Friday, 22 de November de 2024 ISSN 1519-7670 - Ano 24 - nº 1315

Jornais noticiam mas não explicam

Em meio aos debates sobre o modo como o Brasil administra seu patrimônio natural, que se estendem para fora do Brasil e excitam a imprensa internacional, o presidente da República anunciou na quinta-feira (5/6) a criação de três das cinco reservas previstas para a região amazônica.


Os jornais, em peso, destacaram a frase de Lula dizendo que a Amazônia é igual água benta, todo mundo acha que pode meter o dedo. Mas deixaram de lado alguns detalhes importantes. Um desses detalhes é a natureza de cada reserva.


Alguns dos maiores especialistas em Amazônia discutem a eficácia de parques nacionais e reservas naturais em regiões da floresta onde existe minério ou em áreas próximas de zonas desmatadas. Em muitos casos, projetos de manejo integrado são mais eficazes para garantir a preservação. Os jornais passaram ao largo dessa discussão.

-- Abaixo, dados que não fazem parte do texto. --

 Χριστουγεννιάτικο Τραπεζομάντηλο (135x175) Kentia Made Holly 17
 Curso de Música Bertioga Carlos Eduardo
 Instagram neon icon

Outra questão é a razão pela qual as outras duas reservas previstas não foram aprovadas. Uma delas fica em área rica em bauxita, e o governo preferiu evitar que a criação da reserva viesse a impedir no futuro a extração do minério.


Terra de ninguém


Essa era uma oportunidade interessante para a imprensa questionar a falta de uma estratégia de longo prazo para a Amazônia, que permita conciliar a preservação da floresta, o bem-estar das populações nativas e a necessidade econômica de explorar suas riquezas. A criação de reservas, por si só, não melhora as condições de proteção do patrimônio natural, porque é impossível patrulhar toda sua extensão.

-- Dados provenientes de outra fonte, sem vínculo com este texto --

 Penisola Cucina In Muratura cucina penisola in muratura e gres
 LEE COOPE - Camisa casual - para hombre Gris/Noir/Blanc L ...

Mas o único jornal que deixou o discurso do presidente em segundo plano e tentou olhar para a questão amazônica de uma forma mais abrangente foi o Globo. O Globo informa que 8,5% da Amazônia – ou cerca de 42 milhões de hectares – estão em situação irregular ou fora do controle do governo. São terras não-documentadas, ou com documentos falsos e sobreposição de títulos.

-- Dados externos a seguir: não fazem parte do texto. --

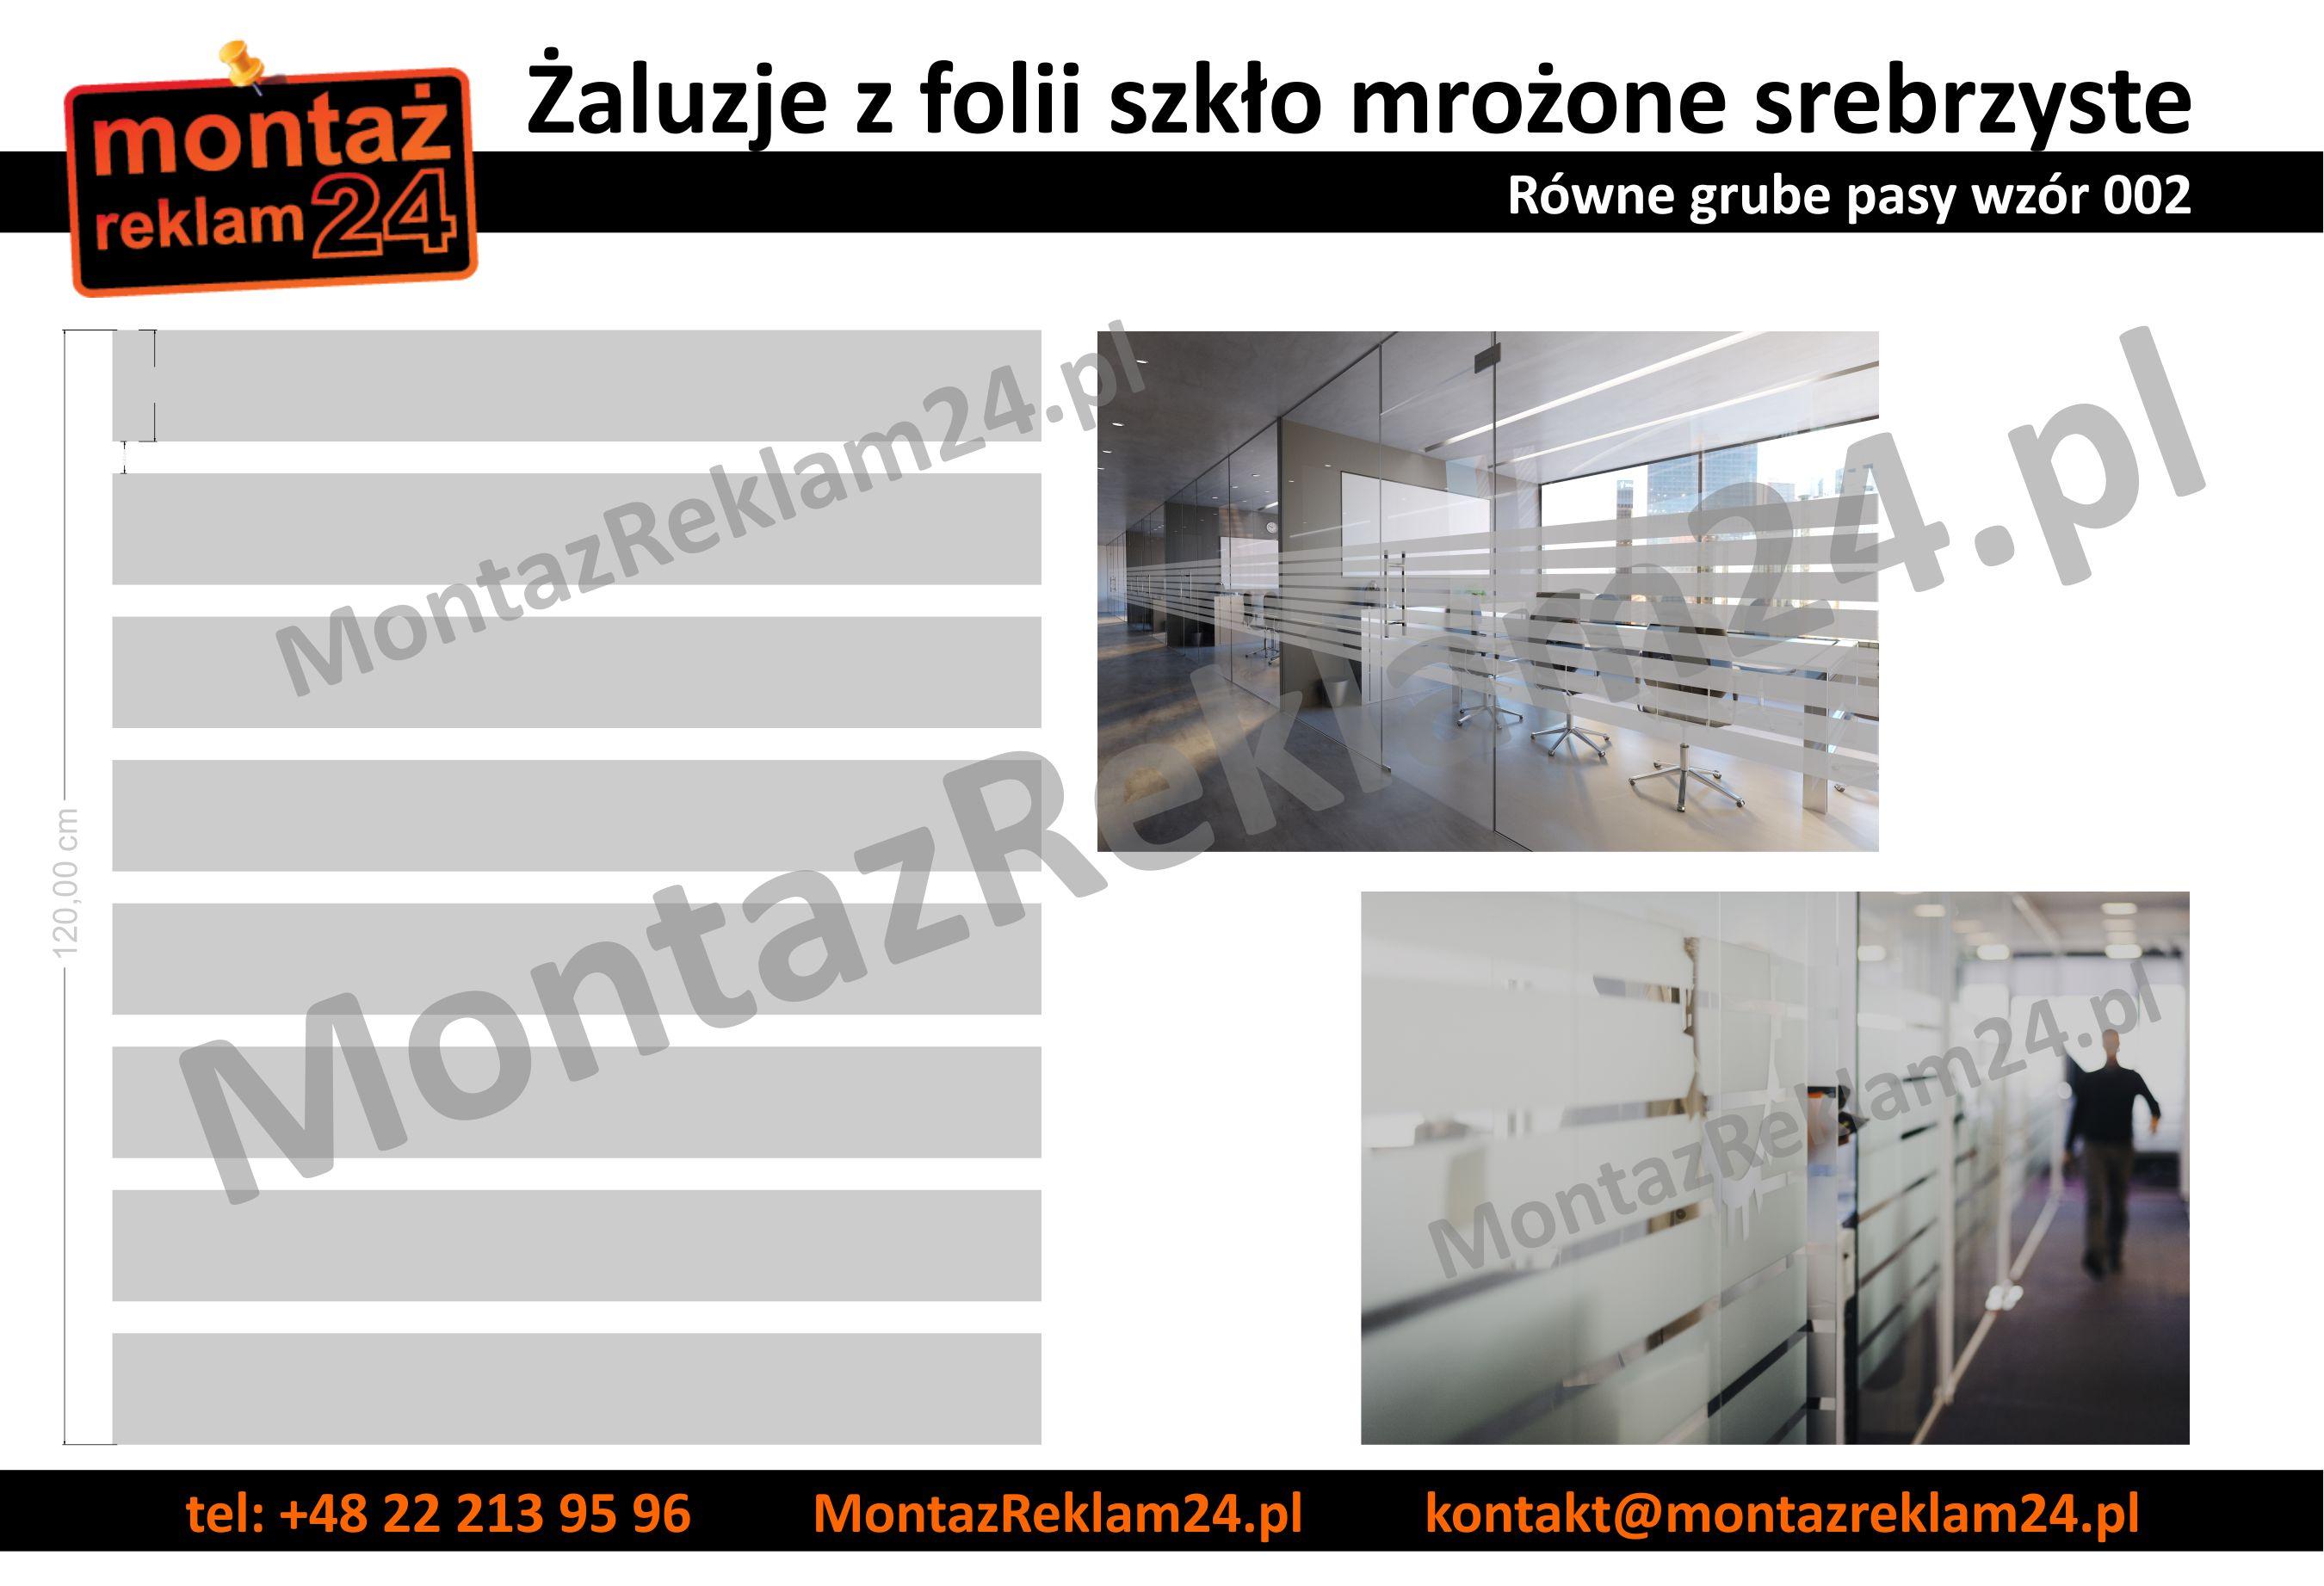 Zaluzje z folii mrozonej grube rowne pasy - wzor002 - MontazReklam24.jpg

Para se ter uma idéia, observa o jornal, a área equivale aos territórios dos estados de São Paulo, Rio de Janeiro, Espírito Santo, Paraíba e Sergipe. Somados. É uma área maior do que a Alemanha e praticamente o dobro do território britânico sobre a qual o Brasil não tem soberania. Ali se pode desmatar impunemente, pois não há como multar os proprietários.


E a imprensa não vê que essa terra de ninguém é que acaba se transformando na ponta de lança da agropecuária na Amazônia. Essa é uma das ocasiões em que os jornais dão a notícia, mas não ajudam o leitor a entender a verdade.